I've bought and sold hundreds of lots and land.

In general I would not recommend to new investors.

The Great Recession of 2008 had a more drastic effect on vacant land than houses, apartments and buildings.

In many areas in the run up from 2000 to 2008 land prices quadrupled or more; and in many areas there is an over supply of created lots.  and still a buyers market with more sellers than there are buyers.

In a buyers market unless  you are experienced.  You should stay on the side of being a buyer and not being a seller.

For me I'm a buyer and a seller all the time, though it can take longer to sell lots in a buyers market.  In one of the areas where I work prices did quadruple from 2000 to 2008.  It was glorious.  We sold some properties for 40x what we paid!  Grant Cardone talks about 10x in his book of the same name, we were doing 40x.

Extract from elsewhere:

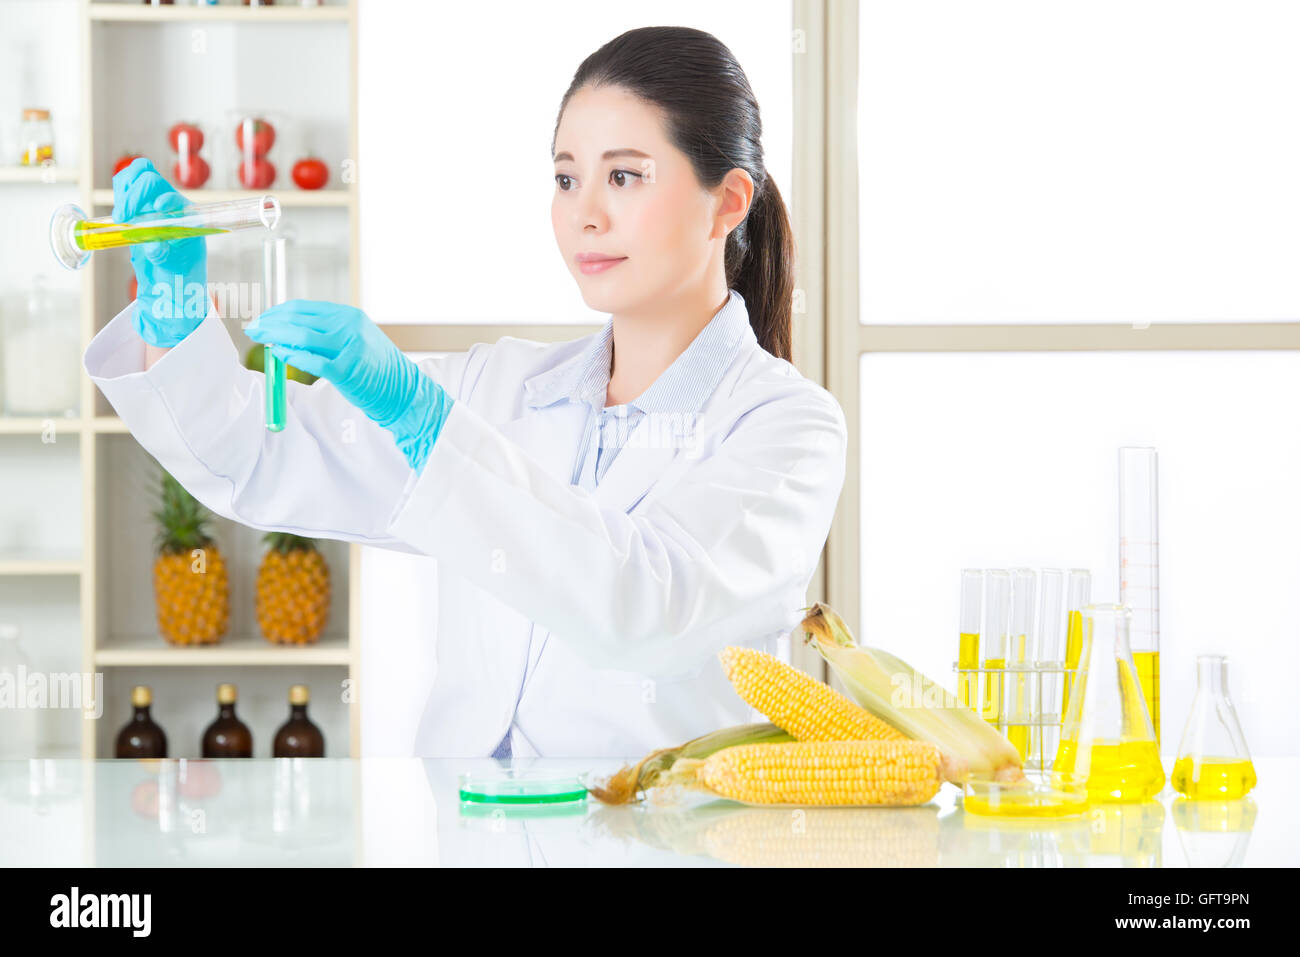 gmo chemistry researchers observing indicator color shift test Stock Photo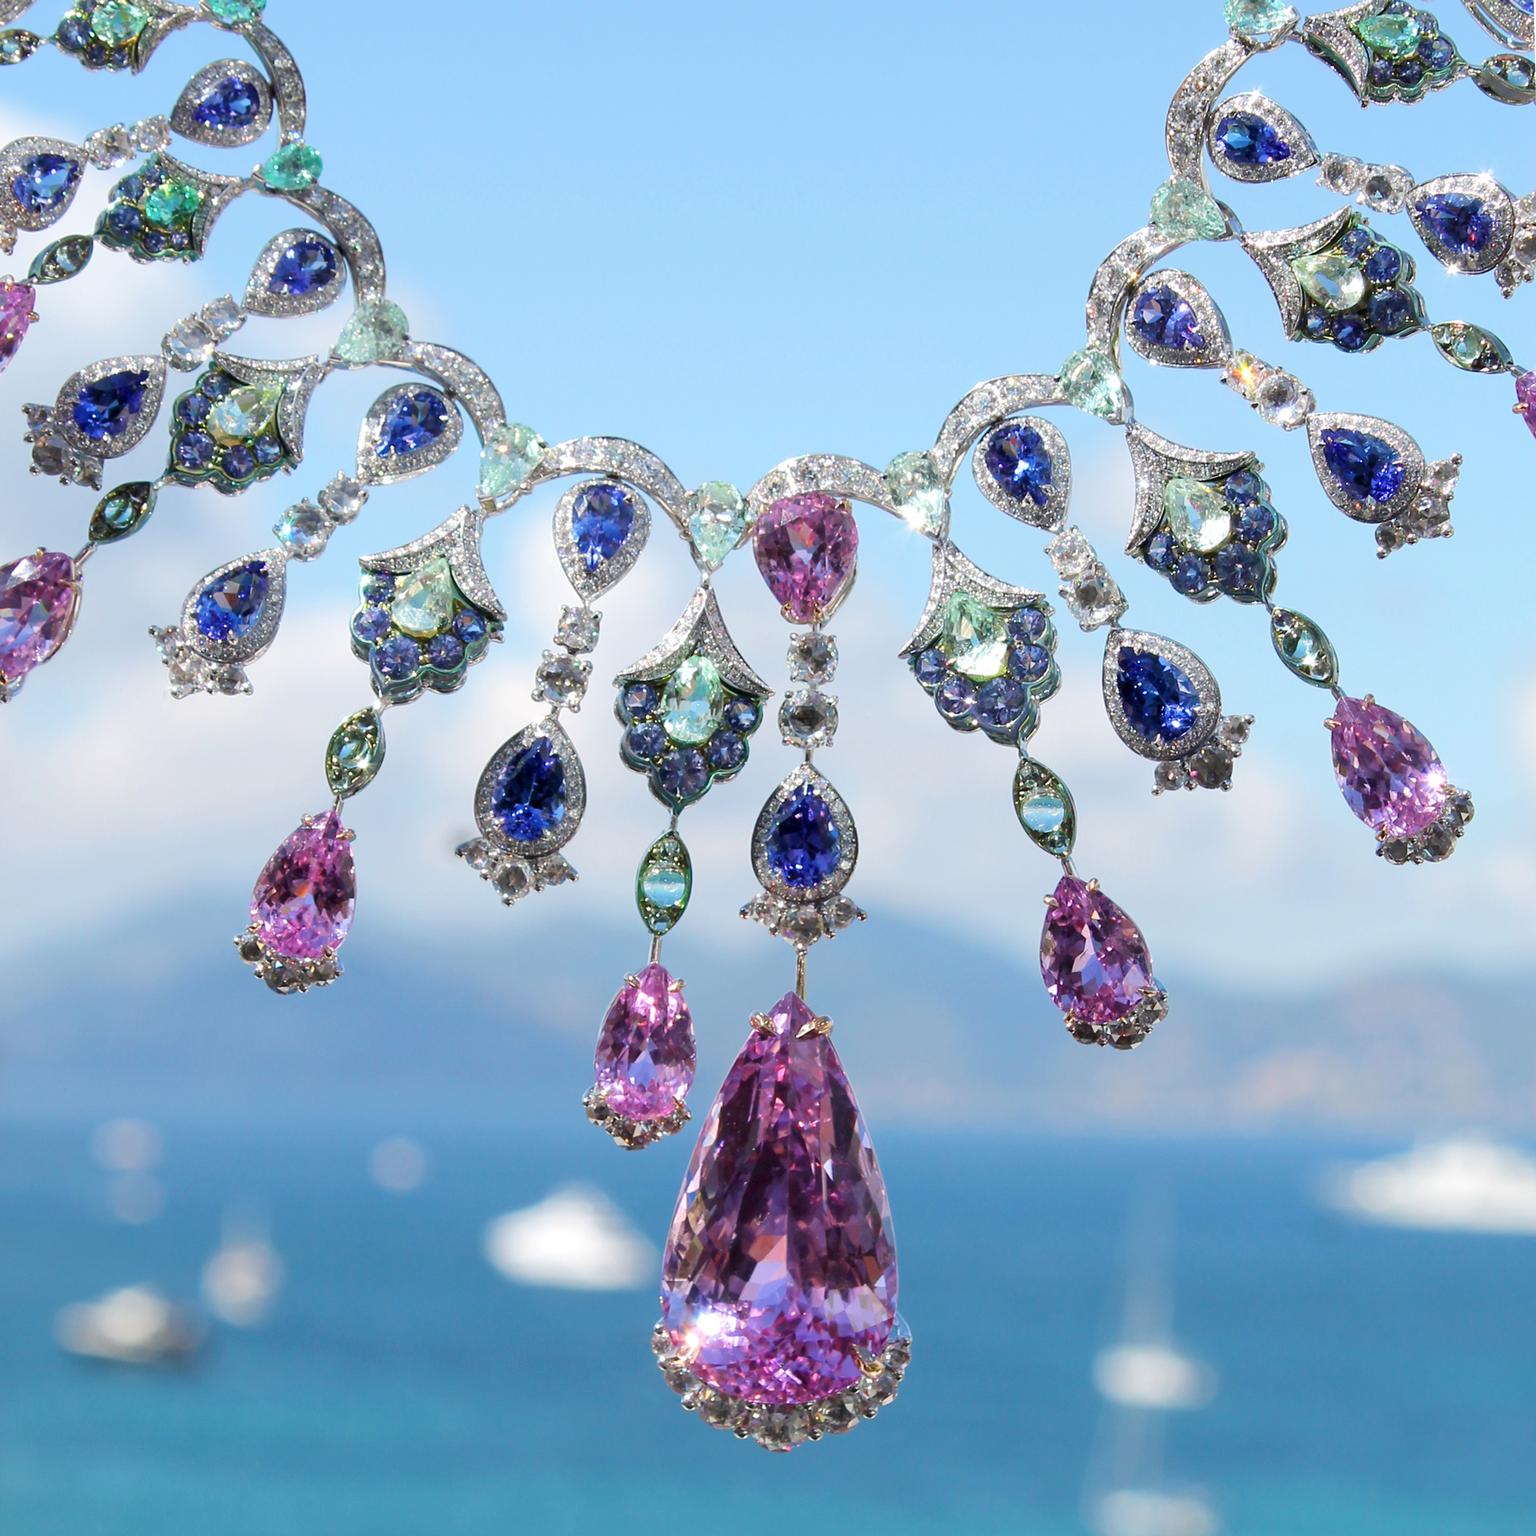 Chopard Red Carpet Collection kunzite necklace

But on the flip side, those prices have dropped since 2008.  Every year since 2008 in that area, the prices have dropped and the sales volume have dropped.  It like a free fall. I have a classic example.  I sold a lot in 2008, and then sold the identical lot next door in 2013 for 60% LESS.  IOW, the second lot sold for 40% of what the first lot sold for.  I've also sold lots there this year (oh yes I still have lots there that I bought quite a while ago) for 20% of what peak prices were, IOW for 20% of what I previously sold.  In fact the prices that I've recently sold are about the same prices that I sold 20-25 years ago in the same community!

There are a lot of issues with lots like:

wetlands

flood plains

environmental contamination

endangered species, both plant and animal

zoning regulaitons

streams

perking for septic suitability

well depth and costs

All of these can make a property unbuildable.

There is a niche of the market where people buy lots really cheap, sometimes for a few hundreds and re-sell, largely on the internet.  Sometimes their ads are outright lies, sometimes they just forget to mention certain things like failed perk and title issues and unbuidability. 

Don't become that type of fraudster.